Fulacht fia, Coom, Co. Cork
Co. Cork |
Settlement Sites
On a north-east-facing slope of rough grazing land near Coom in County Cork, a low oval mound sits quietly in the landscape, easy to overlook and unremarkable to the untrained eye.
It measures roughly nine metres north to south and nearly sixteen metres east to west, and it is composed almost entirely of burnt material, the compacted debris of repeated high-temperature activity carried out here long ago. This is a fulacht fia, a type of prehistoric cooking site found in considerable numbers across Ireland, particularly in Cork and Kerry. The typical interpretation is that a trough, dug into the ground and filled with water, was brought to the boil by dropping fire-heated stones into it. Those stones, once cracked and spent, were discarded to the side, and over years or centuries of use they accumulated into the characteristic low mound that survives today.

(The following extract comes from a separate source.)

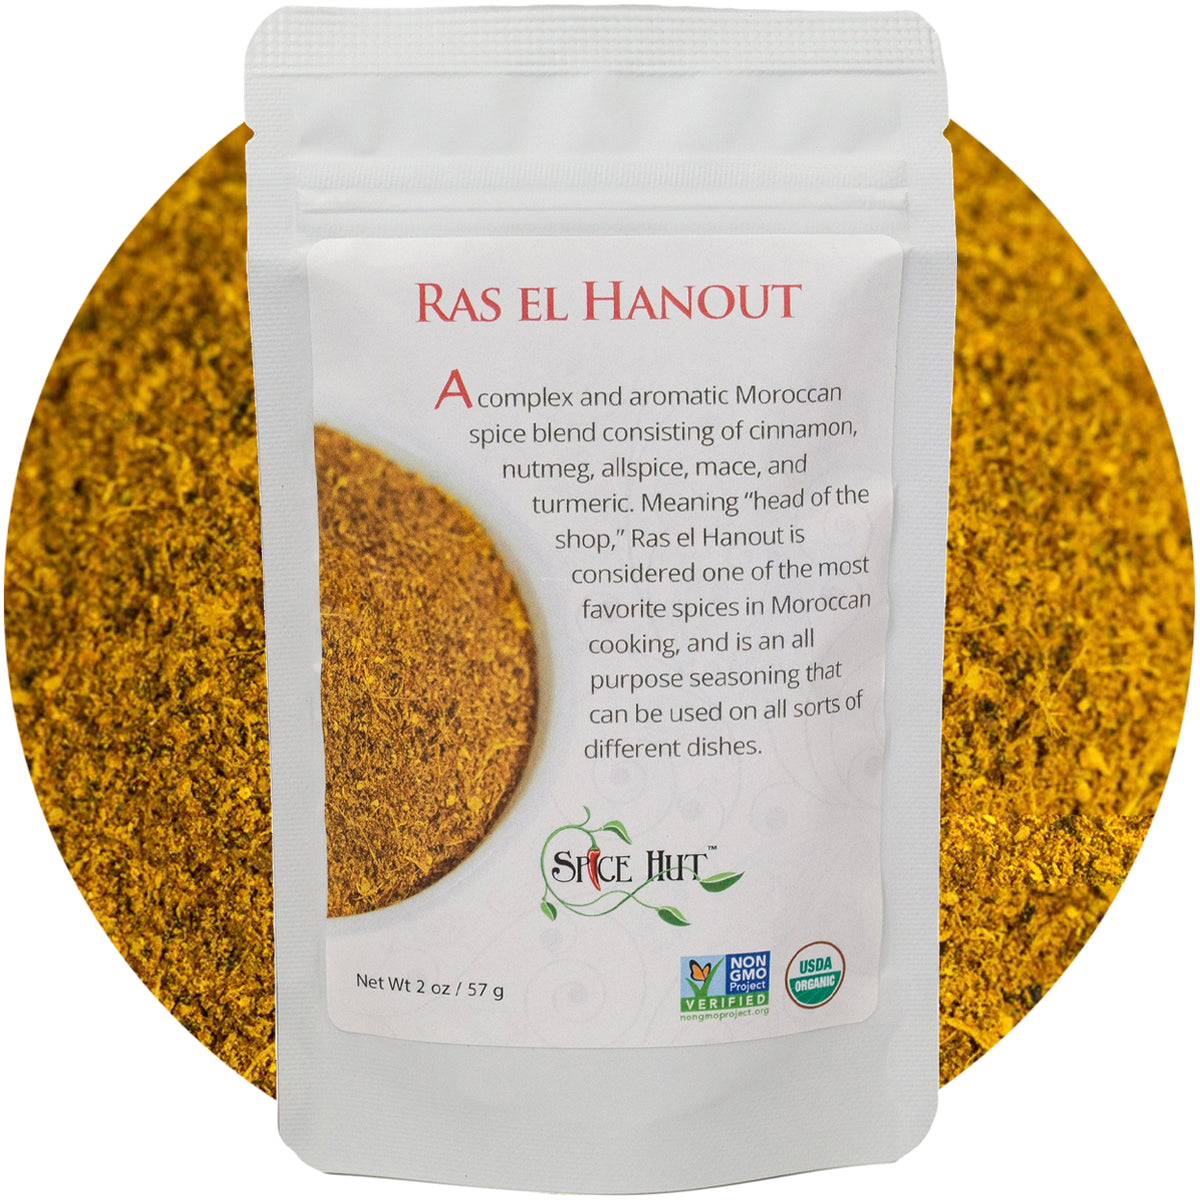 RAS EL HANOUT (Moroccan Blend) — Greenpoint Trading Co

Fulachtaí fia, the plural form, are among the most common archaeological monument types on the Irish landscape, yet individual examples rarely attract much attention. Their dates generally fall within the Bronze Age, roughly 1500 to 500 BC, though some sites have produced earlier or later evidence. The exact purpose of the Coom example is unknown beyond what its form suggests. The burnt mound itself is the only record; no associated trough or timber structure has been documented here, which is not unusual, as such features are often only revealed through excavation. What survives above ground is simply the accumulated waste of a process carried out, probably many times over, by people who left almost nothing else behind.